As my portfolio increases and as my tent enlarges, so will my influence and competencies too. I’ve learnt that I must learn not to get involved with everything even though I want to and may foolishly deem myself suitable for it, and especially when it is logical to do so. (Sigh, logic – Man’s feeble attempt at second-guessing God’s sovereign will…) That’s the reason why I believe that a personal vision statement is important. If you have a motto to preside over the way you function, you more or less know what to say yes to and what to turn down; it helps you to live a principled life. What’s yours? Mine is:

“I am a bible-believing Christian who desires to know God
by working excellently, learning earnestly while having a balanced lifestyle,
for the glory of God.”

At our mid-year appraisal this morning, RY told me that “marrying your dreams into God’s will is a constant struggle”, and I concur. That’s why I think it’s always a step of faith to act on what God has impressed upon my heart. With RY, I always learn something new or am reminded of previously-learnt lesson – that’s why he’s my mentor and that’s why I look up to him so much. And in true hero-fashion, he balanced the above-mentioned statement with this: “But remember, it is God who planted these dreams into you”. That took a huge load off my shoulders; I couldn’t believe that I missed something as obvious as that!

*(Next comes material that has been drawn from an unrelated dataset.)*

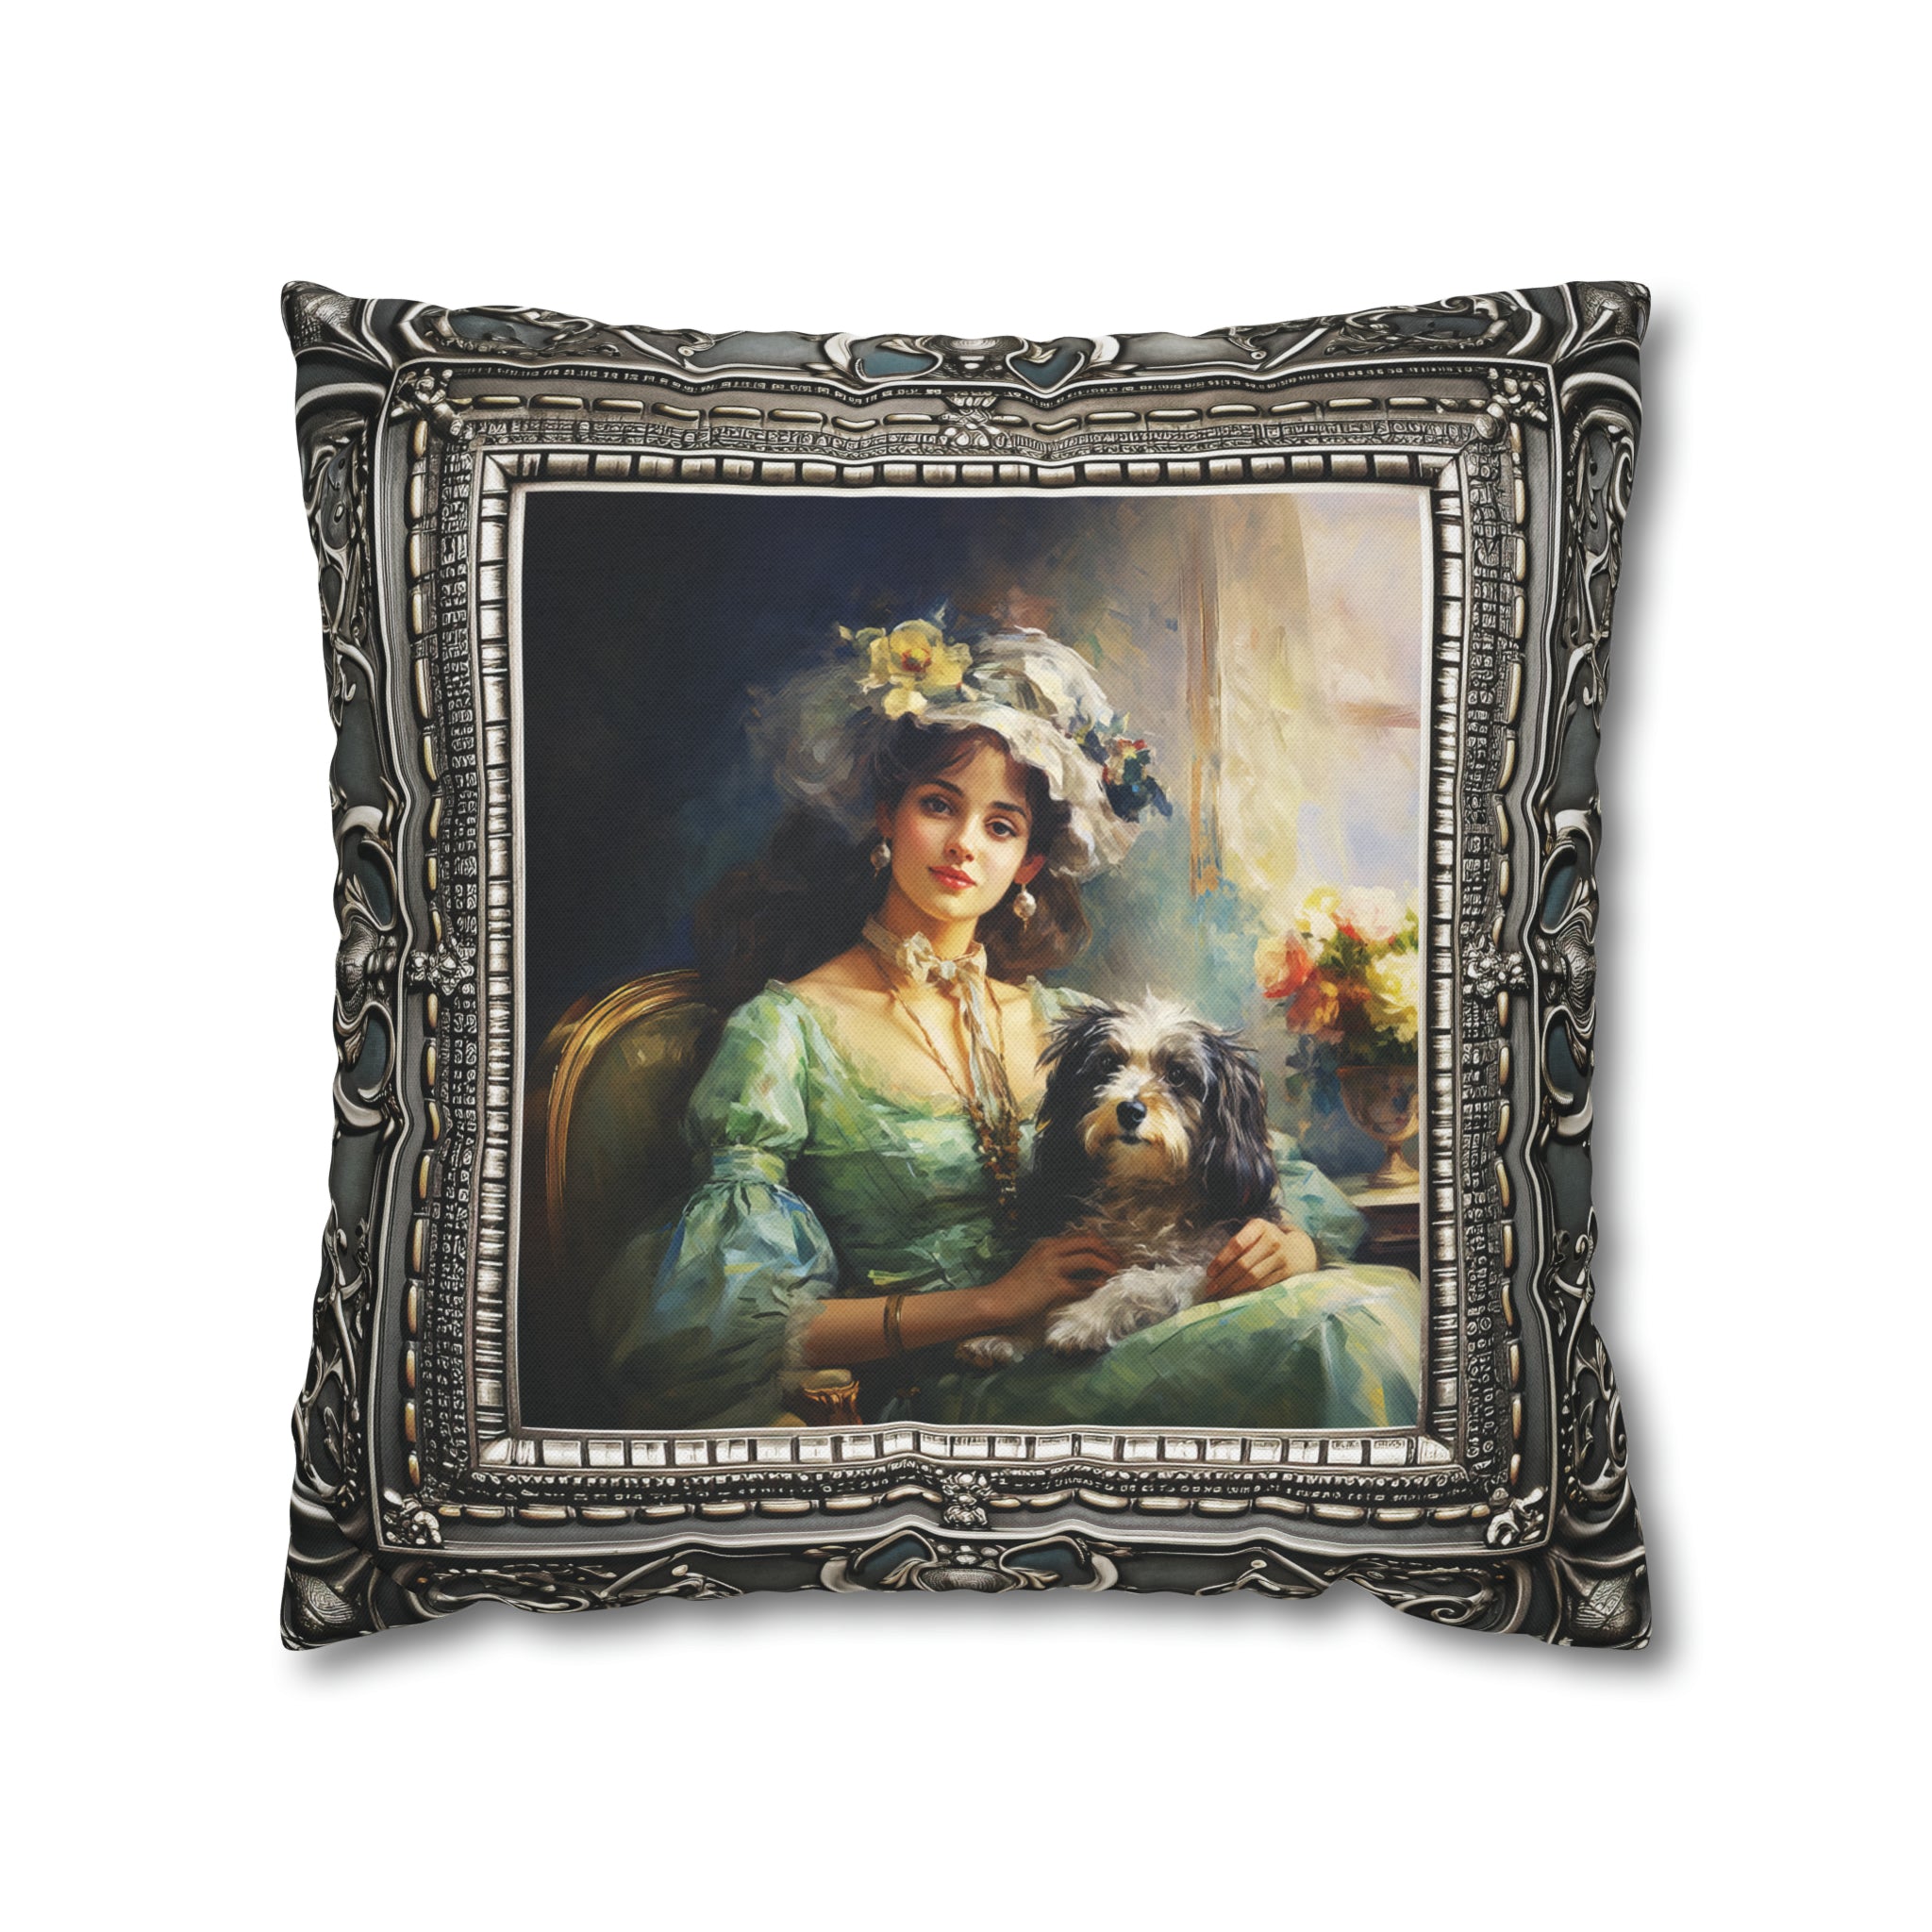 Square Pillow Case 18" x 18", CASE ONLY, no pillow form, original Art , a Painting of a Young Woman and her Dog in an Antique Frame

I have been wired to lead with my heart on my sleeves and somehow this quality has become my signature. Perhaps it explains why Passion is one of the three flagships of my personality, besides Authenticity and Believing in Young People. These are the core values I think my life represents most dominantly and consistently. Again I quote my boss, “Passion is like a tap; once you turn it on, water gushes out” – I’d like to believe that my passion for youth ministry doesn’t just trickle out, but that it surges out.

However, I know that one day my passion will run out. RY encouraged me today and told me that I have tenacity; it was the first time this word was used to describe me. He deliberately chose tenacity over perseverance for (I think) the latter represents an indefatigability to endure present situations while the former indicates a determination to push oneself through to overcome challenges. I liked that distinction and I believe that tenacity should rightly be the best friend of passion for they are perfect complements.

So anyway, back to keeping the main thing, the main thing, I think it’s a good opportunity for me to take a step back and reflect, and to ask God to give me grace so that I can differentiate what I want to do from what I need to do, as well as to determine what He wants me to do. (God doesn’t need me to do anything. He doesn’t need anybody to do anything for Him. In fact, according to Psalm 50:12, if He was hungry He wouldn’t even tell you or me.) In our lifetime, we’d go through seasons after seasons and so it remains a wise thing to focus, always on the main thing. If I were to strip everything down to its core, the main tasks in life (in fact, the only two tasks), is to love God more and to love His people more everyday (Mark 12:30-31).